Saturday, March 29, 2008

Book Slut

Ha! I would so dump a guy if it turned out he hated reading or, at the very least, wasn't willing to hear me expound on Salinger every once in a while. Apparently, I'm not the only one:

http://www.nytimes.com/2008/03/30/books/review/Donadio-t.html

I know this is becoming more of a "highlights of the New York Times Book section" than a literature blog, but things have been crazy. I promise, more when I've finished The Grapes of Wrath, Sula, and all that stuff on Virginia Woolf's mental illness. I've also got some Harry Turtledove and An Arsonist's Guide to Writers' Homes in New England on the back burner, so look for those soon.

Friday, March 7, 2008

It just keeps coming...

Apparently Ms. Seltzer (of my last post), made up the foundation she worked for to aid gang members as well. Read the article here.

Well, at least this might take some pressure off the publisher...

Tuesday, March 4, 2008

Consequences, yes. Love? Not so much.

Oh man. I am so glad I am not this publisher right now. Why? Because of this.

For those of you who don't know, Margaret B. Jones wrote a very touching memoir about being the half-white, half-Native American foster daughter of a black family, including her involvement with gangs and drugs in South-Central Los Angeles.

Too bad her name is Peggy Seltzer, she's actually all-white, grew up in a well-to-do family, and made up the entire thing based on the experiences of friends who had been in gangs.

Yes, it's bad that The New York Times ran two articles (second here) on it and somehow managed to miss the fact that she was lying about her past. I really cannot believe that Mimi Read went to this woman's house, carefully examined her lifestyle, and somehow missed that maybe Ms. Jones wasn't all she said she was. But now they're covering the issue again and again, and they'll come out okay. This is probably the best book-related story all year, and at least it's selling papers.

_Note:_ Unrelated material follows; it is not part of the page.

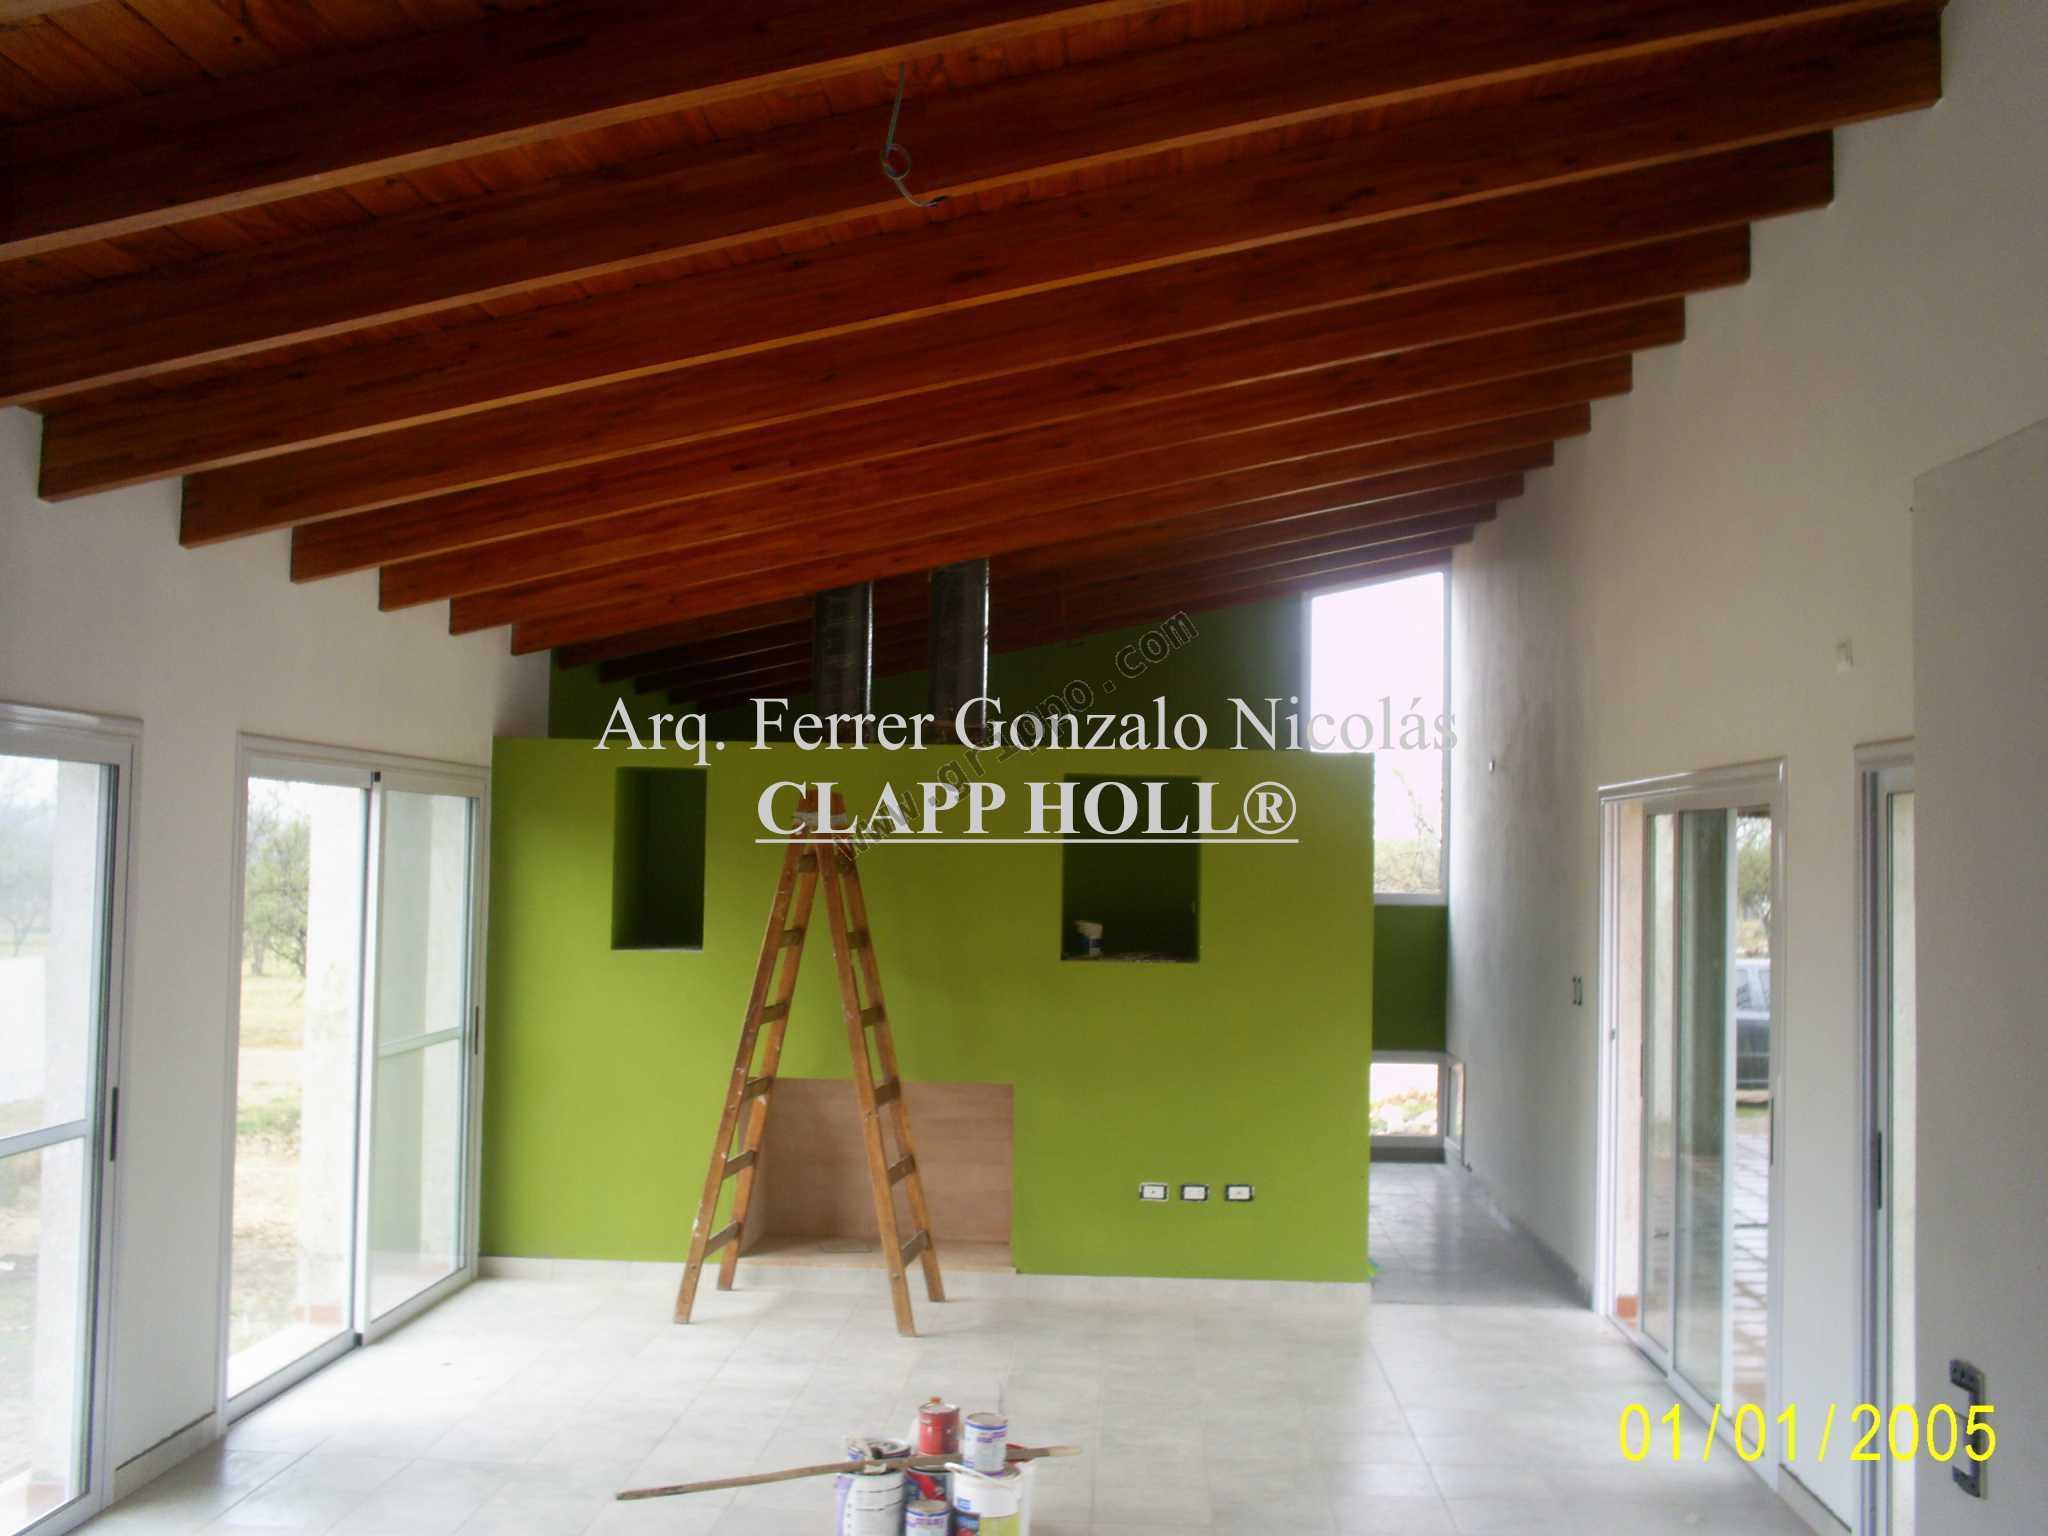 Arquitecto especialista en techos cordoba - Arquitectos en cordoba ...

It's bad, too, that editor Sarah McGrath spent three years working on this book and didn't know. But obviously Ms. Seltzer was a seasoned liar if she could fool two Times reporters and an entire branch of Penguin Group USA. She knew her story -- hell, she wrote a whole life story and appropriated it as her own!

Ms. Seltzer is essentially a combination of Jay Gatsby and Tom Ripley. And while the Times and Riverhead Books probably are kicking themselves over this whole thing (I would have loved to be a fly on the wall in that newsroom), really the only person to blame is Ms. Seltzer herself. Everyone remember James Frey? Yeah. Same deal.

Edit: Check out this article on yet another author who came clean about her fabricated memoir. Come on, people. It's still good if it's just a novel. Also check out this Slate article.